Burmese fashion designer (born 1984)

May Myat Waso (မေမြတ်ဝါဆို) is a Burmese fashion designer. Her designs are based on Myanmar rincau (the wavy leaf pattern and motifs found on pagodas and temples), and include influences from other fashion traditions around the world. May Myat Waso won the Best in Vogue at the 2019 Myanmar's Pride Awards.

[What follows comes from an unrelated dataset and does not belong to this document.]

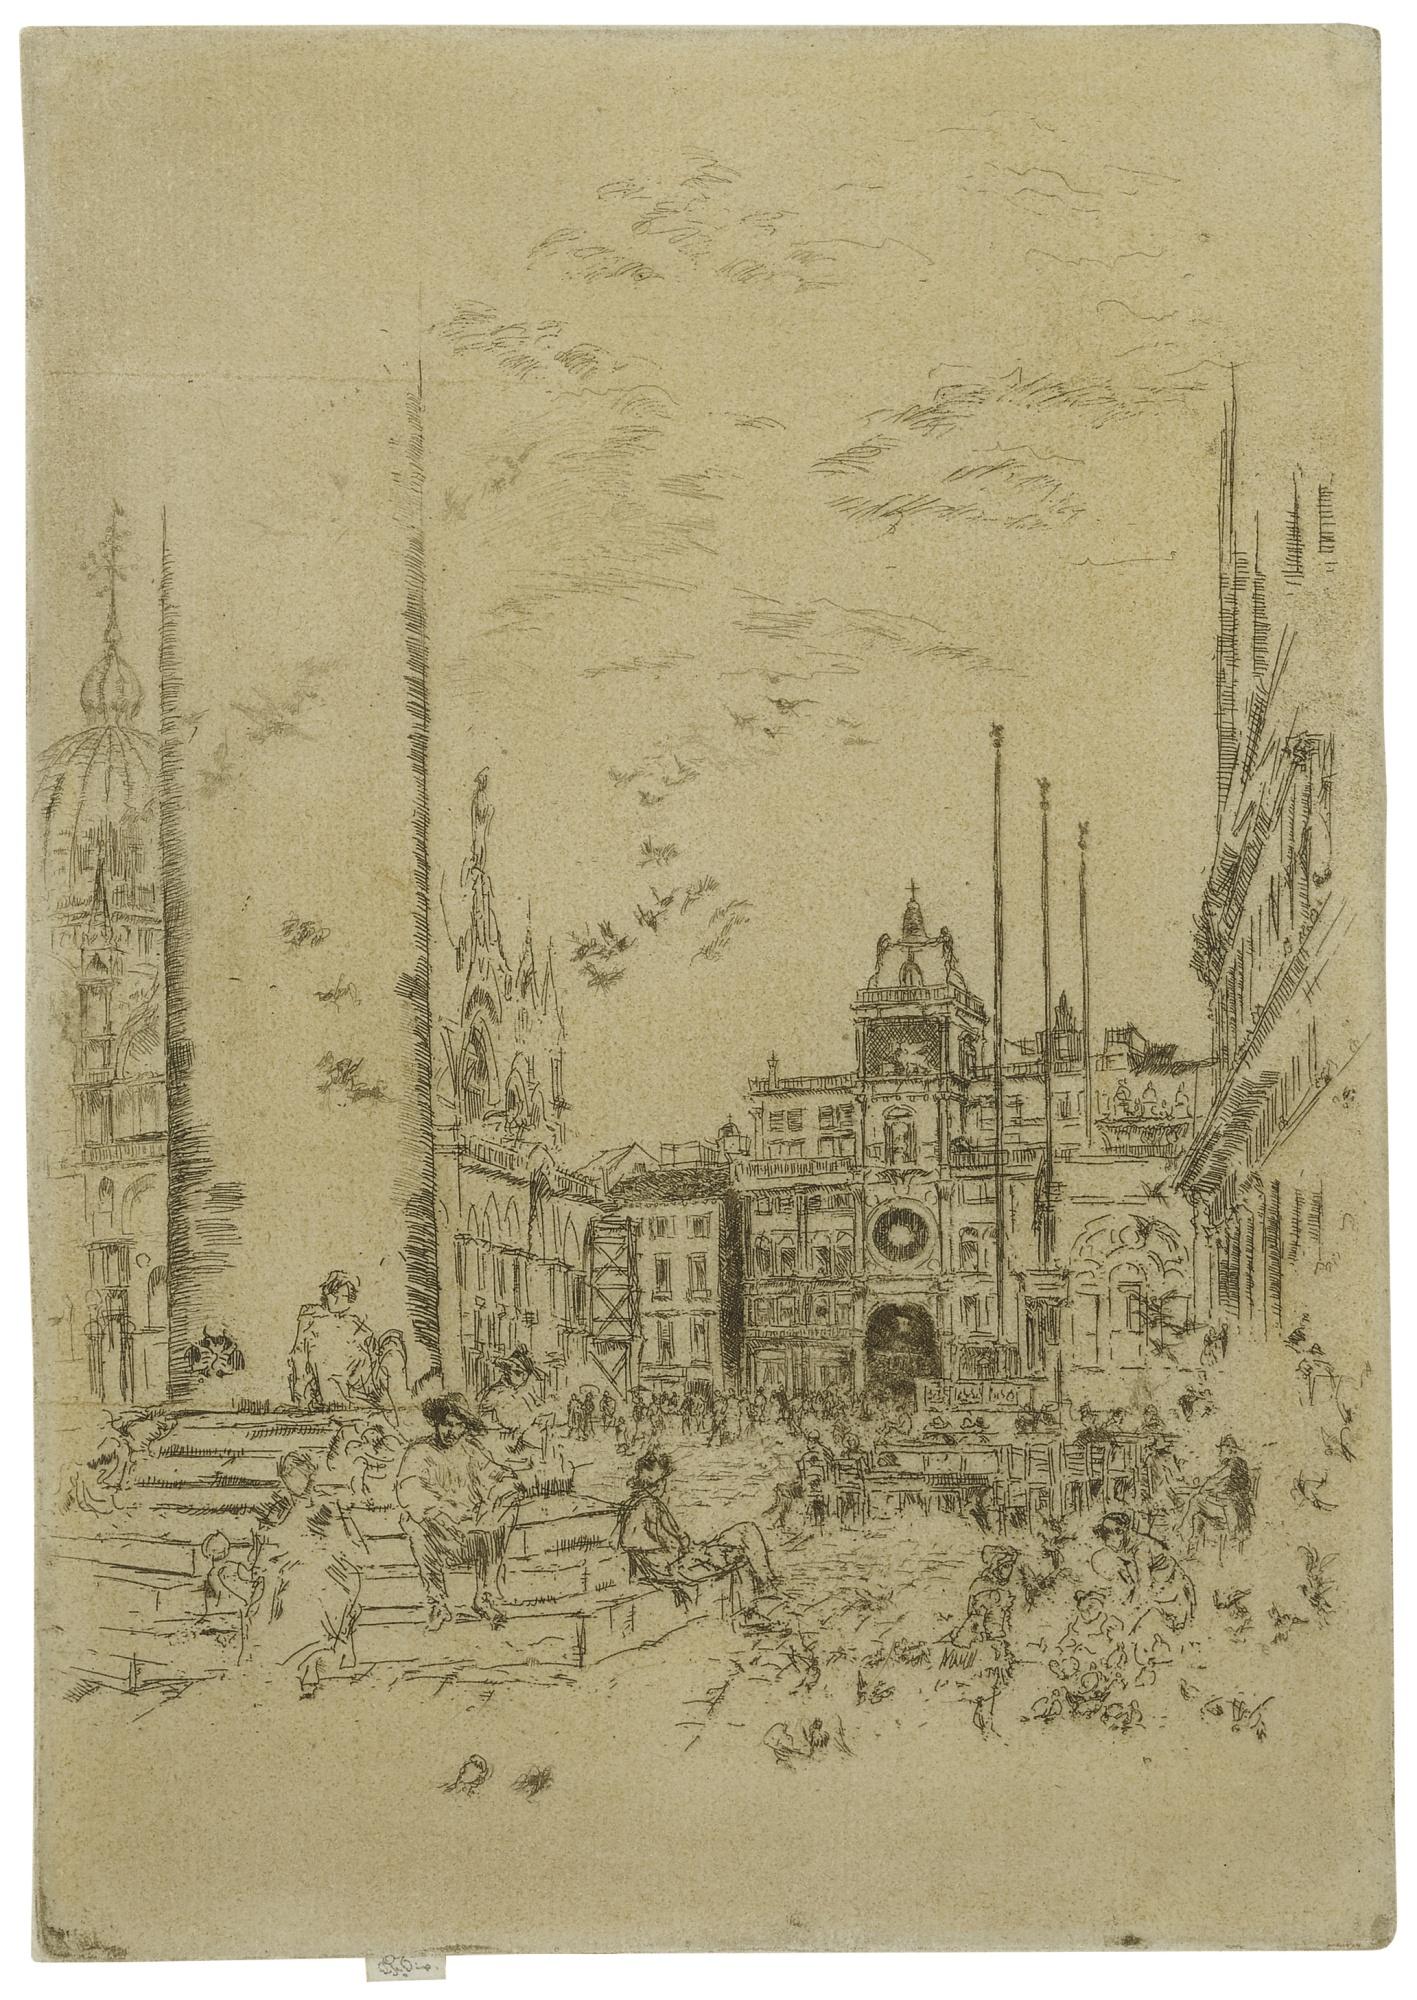 James Mcneill Whistler - The Piazzetta (K. 189; G. 218)-1880
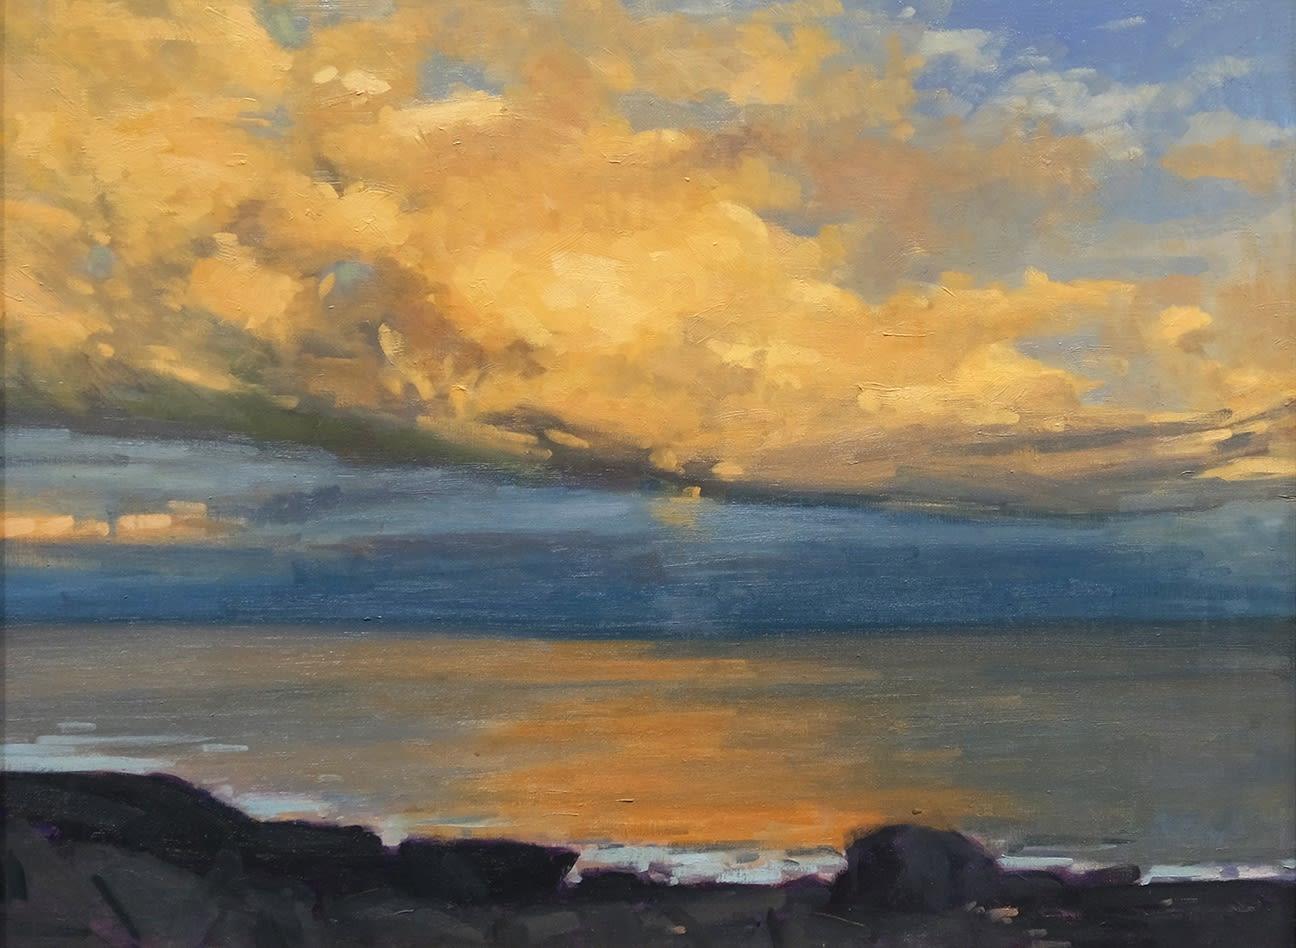 A Celebration of the Art of Monhegan Island, Alison Hill: Untamed Beauty, Richard Keen: Monhegan Abstracted plus a discu

==Early life and education ==
May Myat Waso was born on 12 July 1984 in Yangon, Myanmar. She is the youngest daughter of Nwam Jar Thaing, a prominent Burmese writer. Her elder sisters Nay Chi Win Lae Yi, an art designer and Aung Se Sar, an architect. She attended high school at Practising School Yangon Institute of Education. She graduated from the Dagon University.

== Career ==
After her graduating, she founded Dressmaking & Fashion Design Training Center, Happy Heart, in 2007. She then opened another Brand & Design school with the same name. She also founded the Fashion Designers Entrepreneur Association in 2010 with eight other members, now nearly 100 members.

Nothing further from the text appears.